Single by Bob Dylan

from the album Time Out of Mind
- Released: August 25, 1997
- Recorded: January 1997
- Studio: Criteria Studios (Miami, FL)
- Genre: Rock
- Length: 6:29
- Label: Columbia
- Songwriter: Bob Dylan
- Producer: Daniel Lanois

Bob Dylan singles chronology
| "Dignity" (1995) | "Not Dark Yet" (1997) | "Love Sick" (1998) |

Time Out of Mind track listing
- 11 tracks "Love Sick"; "Dirt Road Blues"; "Standing in the Doorway"; "Million Miles"; "Tryin' to Get to Heaven"; "'Til I Fell in Love with You"; "Not Dark Yet"; "Cold Irons Bound"; "Make You Feel My Love"; "Can't Wait"; "Highlands";

Audio sample
- "Not Dark Yet"file; help;

= Not Dark Yet =

1997 single by Bob Dylan

"Not Dark Yet" is a song by Bob Dylan, recorded in January 1997 and released in September that year as the seventh track on his album Time Out of Mind. It was also released as a single on August 25, 1997, and later anthologized on the compilation albums The Essential Bob Dylan in 2000, The Best of Bob Dylan in 2005 and Dylan in 2007. The song was produced by Daniel Lanois.

==Recording==
"Not Dark Yet" was recorded in the early sessions for Time Out of Mind in a version that featured "a radically different feel", according to Daniel Lanois. "[The demo of 'Not Dark Yet'] was quicker and more stripped-down and [later during the formal studio sessions], he changed it into a civil war ballad".

In their book Bob Dylan All the Songs: The Story Behind Every Track, authors Philippe Margotin and Jean-Michel Guesdon describe the album version, recorded at Criteria Studios in Miami in early 1997, as one where Lanois "uses multiple instruments to fuel a sonic vision that he alone has the talent and skill to create.
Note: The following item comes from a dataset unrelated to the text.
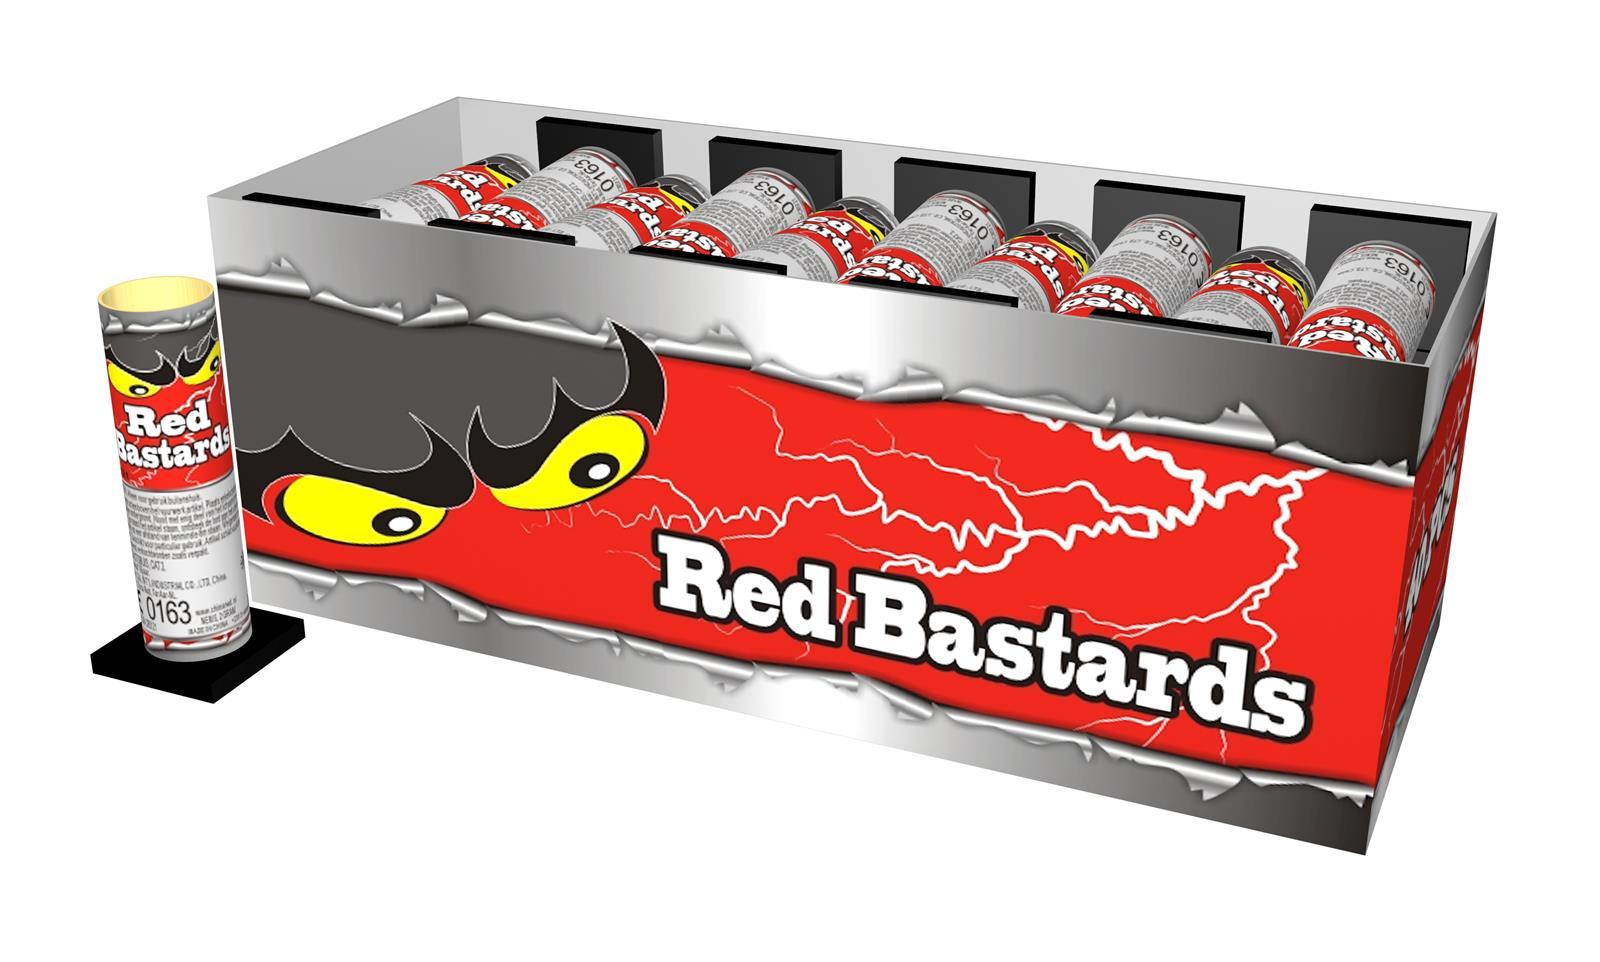 Red Bastards (40 stuks)*

All the musicians contribute to this sound: Augie Meyers's organ is scored; the two drummers provide a heavy, haunting tempo; and Tony Garnier on bass moves in the depths of the sound spectrum. The guitars confer a rock-music atmosphere on the piece, but also contribute to its dreamlike ambience. Dylan delivers one of his best vocal performances on the album, touched with sincerity and resignation".

==Critical reception==
"Not Dark Yet" received widespread acclaim upon its release in 1997 with many critics citing it as the highlight of Time Out of Mind. The refrain "It's not dark yet but it's getting there" is often interpreted as Bob Dylan, or at least the song's first-person narrator, confronting his mortality.
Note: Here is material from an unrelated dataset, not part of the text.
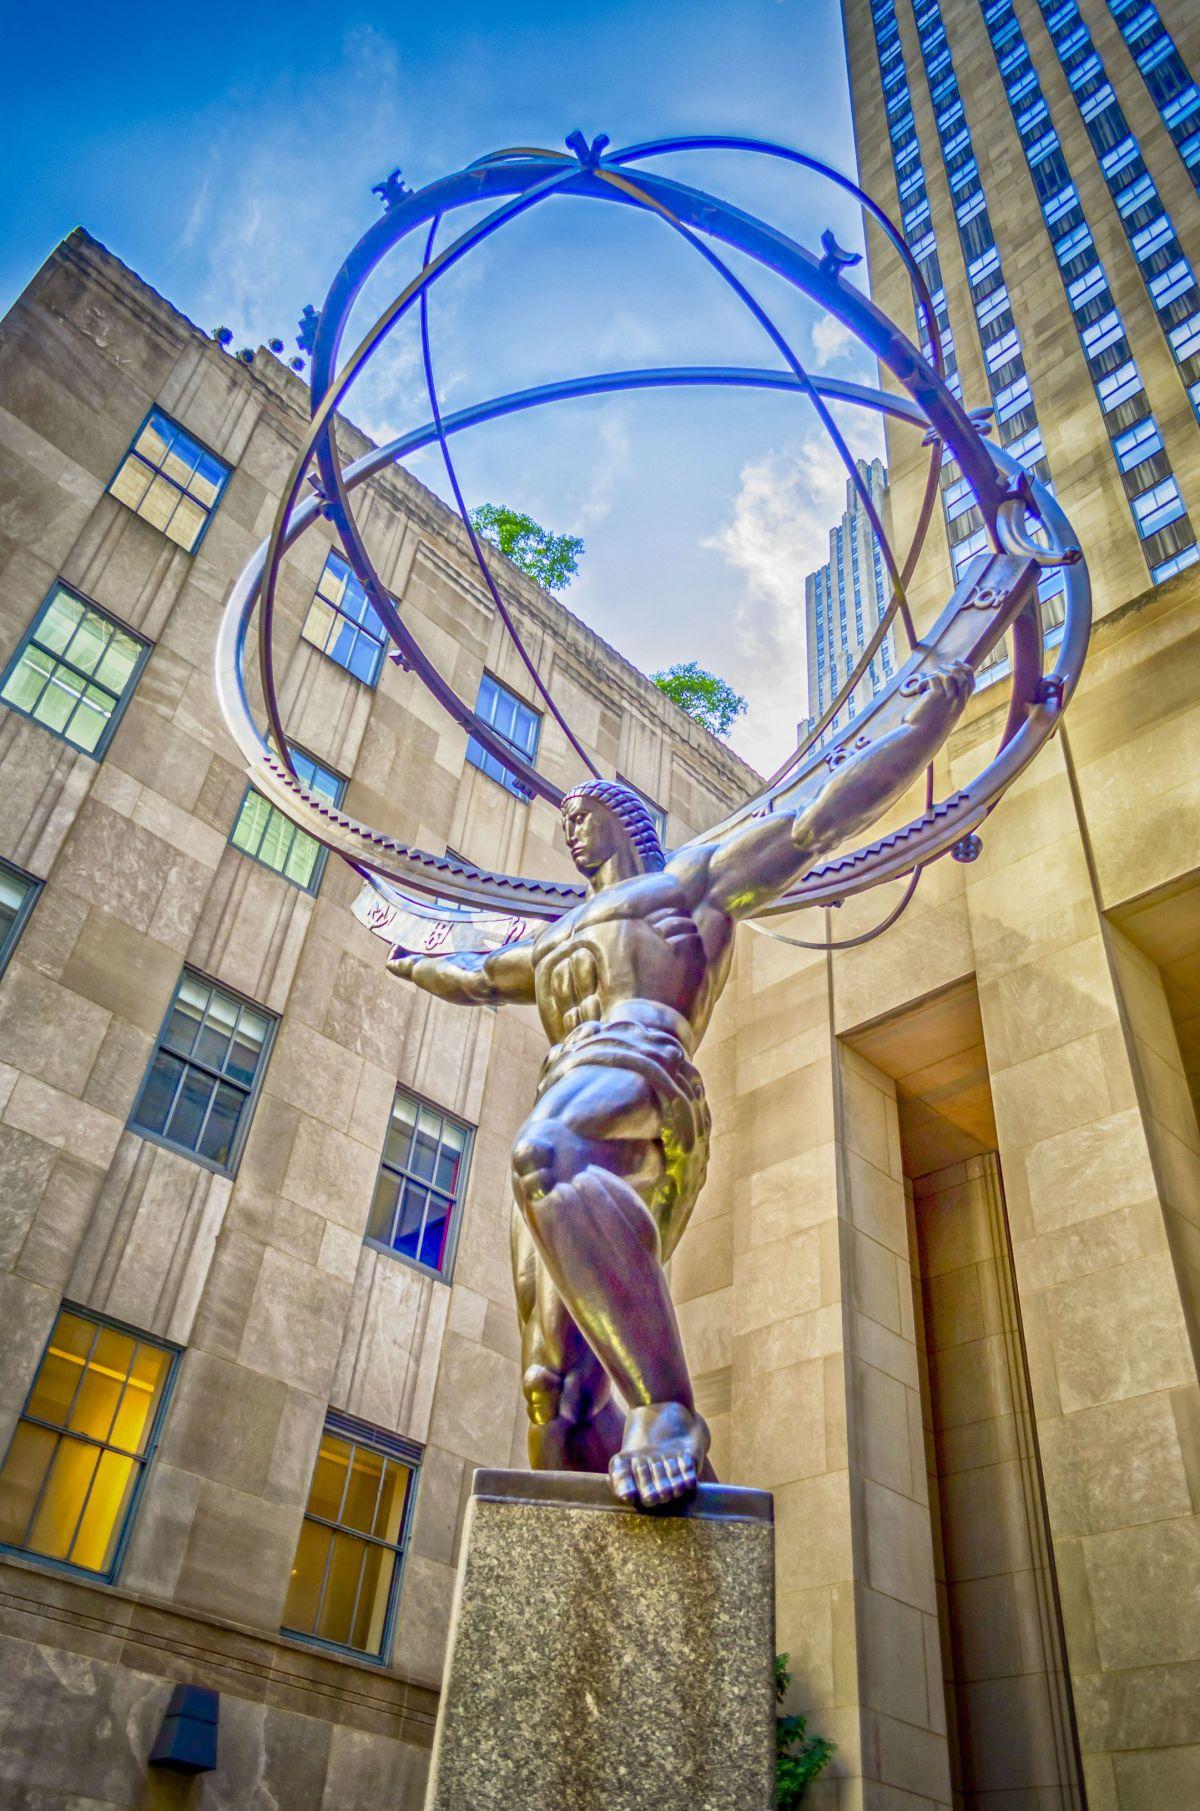 Economics in Ayn Rand's AtlasShrugged

Gilbert Cruz, writing in a Time magazine article about "The 10 Best Bob Dylan Songs", termed it "a moving end-of-life song written and sung by an aging artist who has somehow managed to remain vital".
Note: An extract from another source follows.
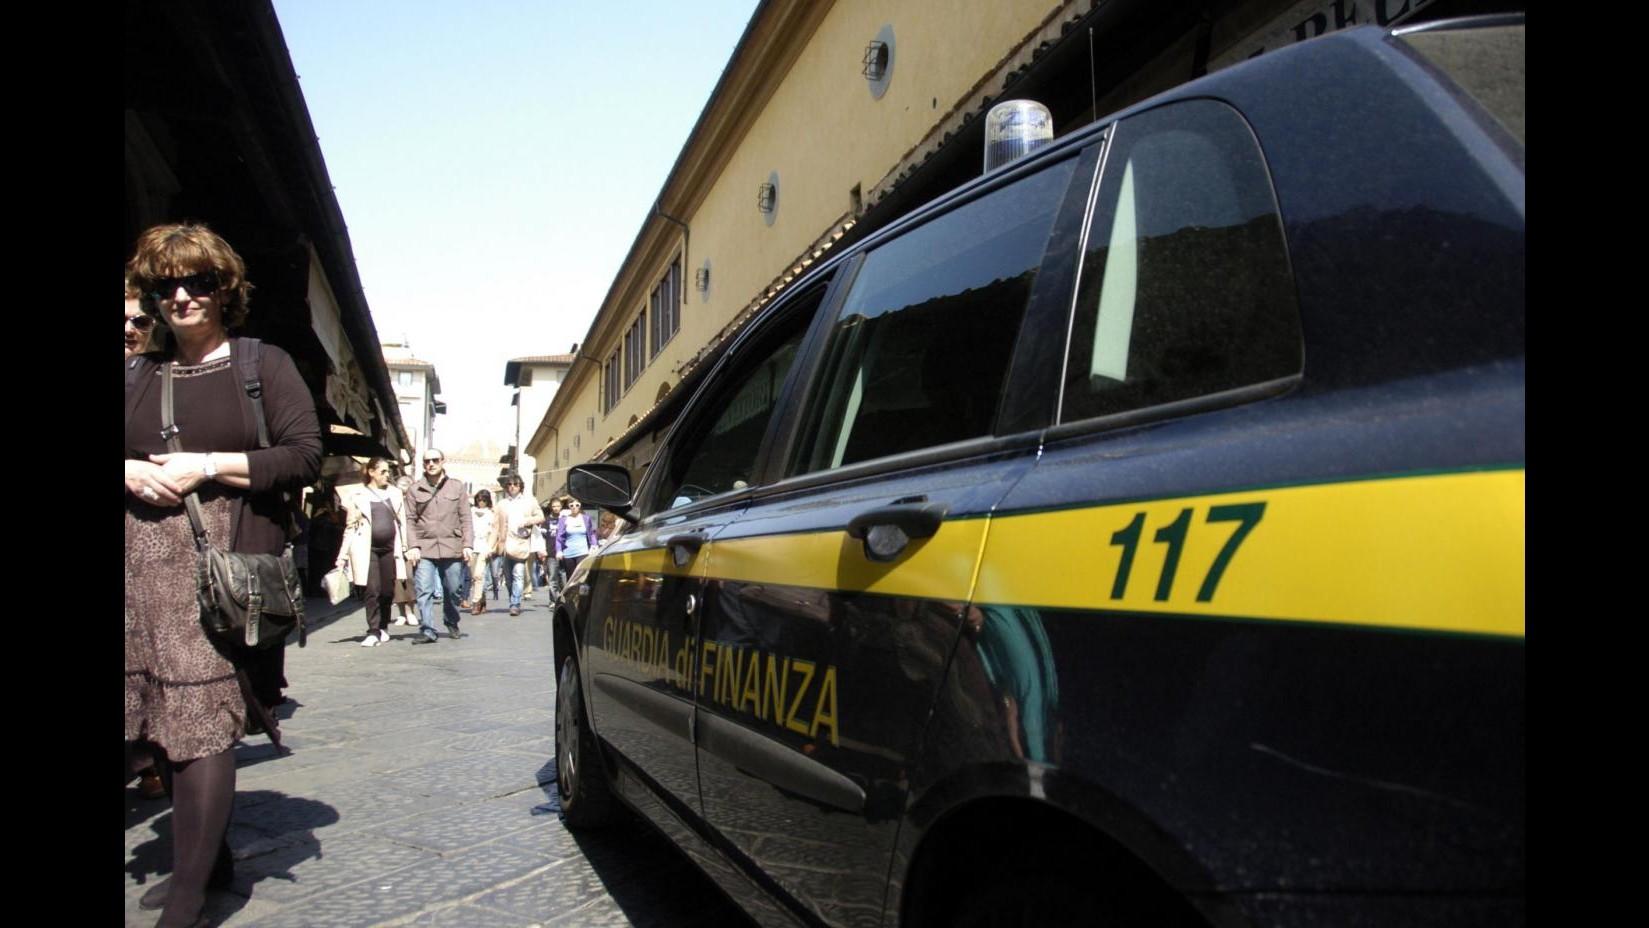 Varese, scoperta evasione fiscale di oltre 9 milioni di euro

Rolling Stone ranked it 50th on a 2015 list of "The 100 Greatest Bob Dylan Songs", calling it "hauntingly beautiful" and noting that Dylan sang the lyric in "the weary and weathered voice of a man facing the twilight of his life".

In the "Fortitude" chapter of his book Dylan's Visions of Sin, literary scholar Christopher Ricks wrote a lengthy analysis in which he compared the song to the John Keats poem "Ode to a Nightingale", whose narrator is likewise "half in love with easeful Death". Ricks claims that, broken down line for line, "similar turns of phrase, figures of speech, [and] felicities of rhyming" can be found throughout "Not Dark Yet" and the Ode. Ricks also argues that "there is a strong affinity with Keats in the way that in the song night colours, darkens, the whole atmosphere while never being spoken of", just as Keats used winter to color and darken the atmosphere in another poem he wrote, To Autumn. "Dylan's refrain or burden is 'It's not dark yet, but it's getting there'. He bears it and bares it beautifully, with exquisite precision of voice, dry humour, and resilience, all these in the cause of fortitude at life's going to be brought to an end by death".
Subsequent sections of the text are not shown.